This is the mail archive of the
newlib@sourceware.org
mailing list for the newlib project.
RE: [PATCH, v3] ARM: Integrate Cortex-A15 optimized memcpy using NEON/VFP.
- From: "Schwarz, Konrad" <konrad dot schwarz at siemens dot com>
- To: Richard Earnshaw <rearnsha at arm dot com>
- Cc: Will Newton <will dot newton at linaro dot org>, Ramana Radhakrishnan <Ramana dot Radhakrishnan at arm dot com>, "newlib at sourceware dot org" <newlib at sourceware dot org>
- Date: Fri, 12 Apr 2013 11:52:00 +0000
- Subject: RE: [PATCH, v3] ARM: Integrate Cortex-A15 optimized memcpy using NEON/VFP.
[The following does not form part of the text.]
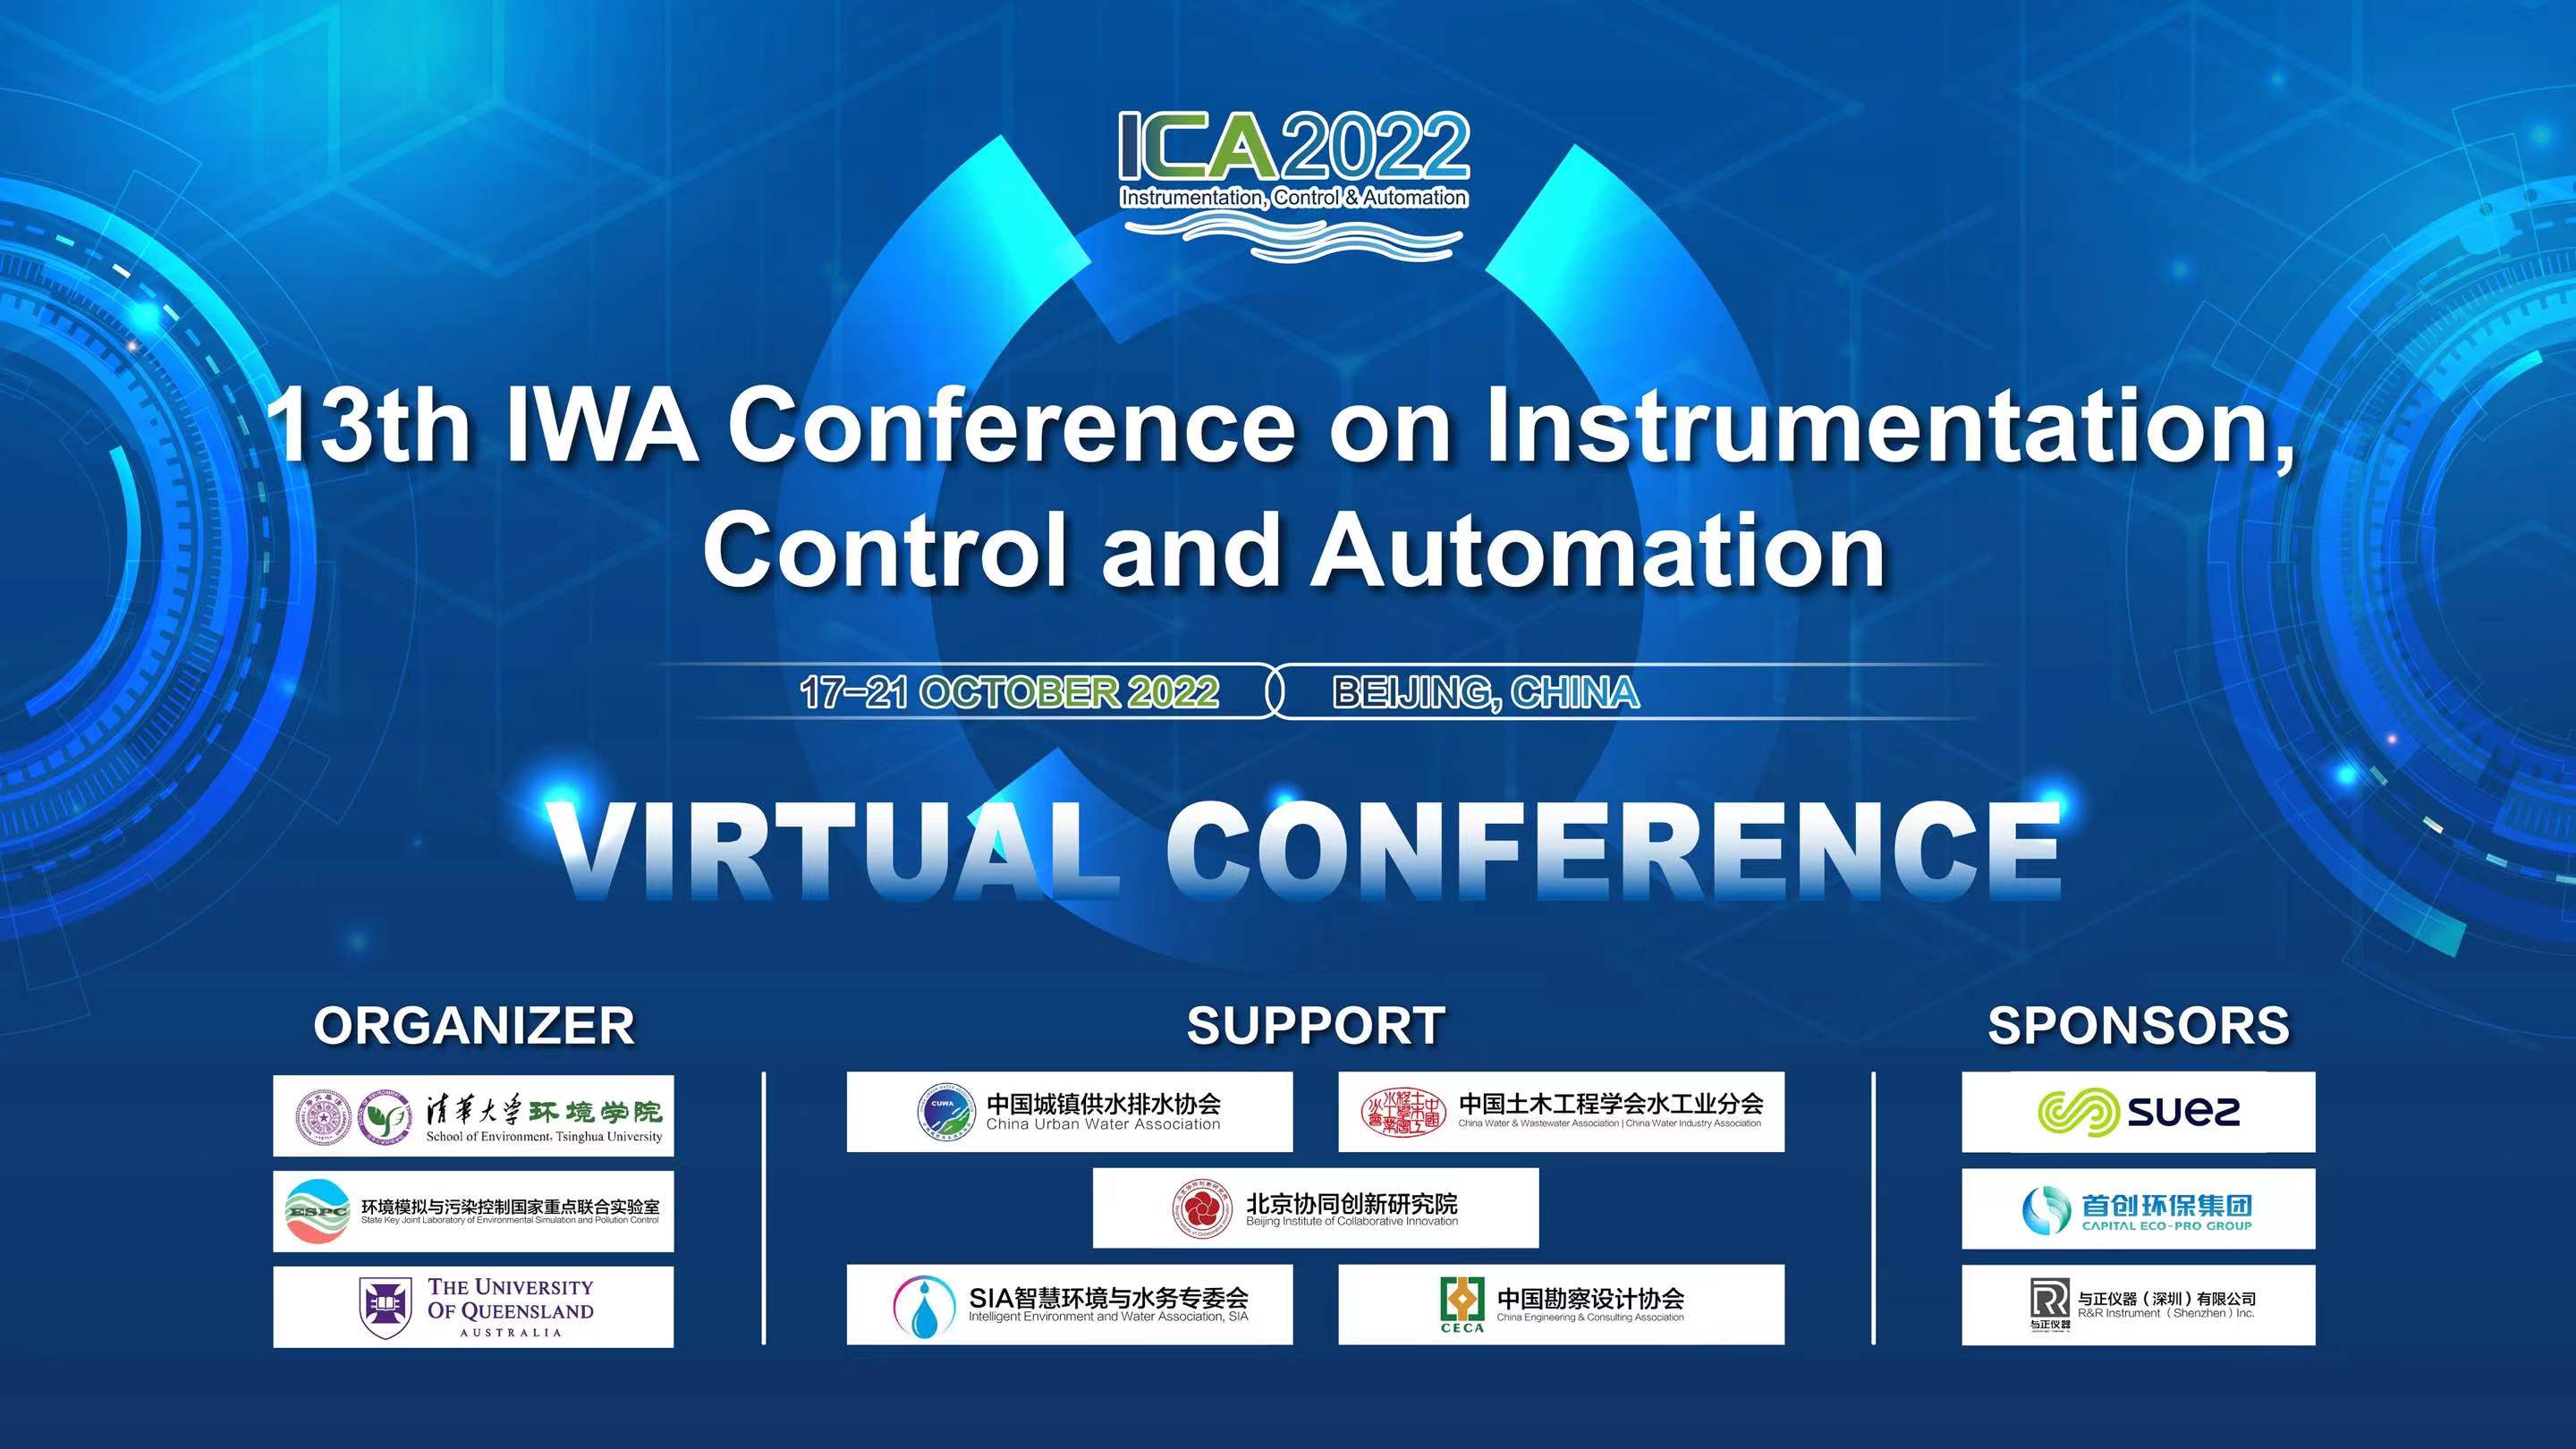 20221021-第13届IWA仪表、控制和自动化大会（ICA2022）成功举办-会议组委会-大会海报.jpg

- References: <515C5C47 dot 4090601 at linaro dot org> <5166F1AD dot 7010703 at arm dot com> <CANu=Dmhs_YKDj+6aJPO3tp_4Qk0NwhtYWUWibgy1tC3wWkd04g at mail dot gmail dot com> <8A6D8E6D161CD644B982513286072E8D02FB11 at DEFTHW99EJ1MSX dot ww902 dot siemens dot net> <5167D697 dot 5080906 at arm dot com>
> -----Original Message-----
> From: Richard Earnshaw [mailto:rearnsha@arm.com]
> Sent: Friday, April 12, 2013 11:41 AM
> Subject: Re: [PATCH, v3] ARM: Integrate Cortex-A15 optimized memcpy
> using NEON/VFP.
> I would have thought these days, with hardware floating-point support
> required by the Linux HF ABI, that this wasn't likely to be a major
> issue. The compiler will use FP insns freely as well whenever they are
> available, even for data moves. If you're using memcpy enough for
> performance to be an issue, then you'd want to use the fastest sequence
> possible. If you're not, then why would you care?
A thread's context switch time is increased if it uses
floating point registers. Once a thread has obtained a
floating point context, there is no way of getting rid of
it again.
Note that Section B1.8.4 of DDI0406B, an edition of the
ARM V7 architecture manual, describes exactly the optimization
I mentioned in my original post.
So at least up to V7, the architects behind the ARM ISA cared
about this.
Also, I've never seen a compiler use FP instructions freely, as I expect
compiler writers are aware of this issue.
> I see build options in the code for three variants: With Neon (and
> VFP), with VFP only and without either. That means that a bare metal
> systems have the option of using an integer-only variant (as does
> anyone else if they are really worried about using FP registers within
> memcpy).
How would an application select which variant to use?
Thanks,
Konrad Schwarz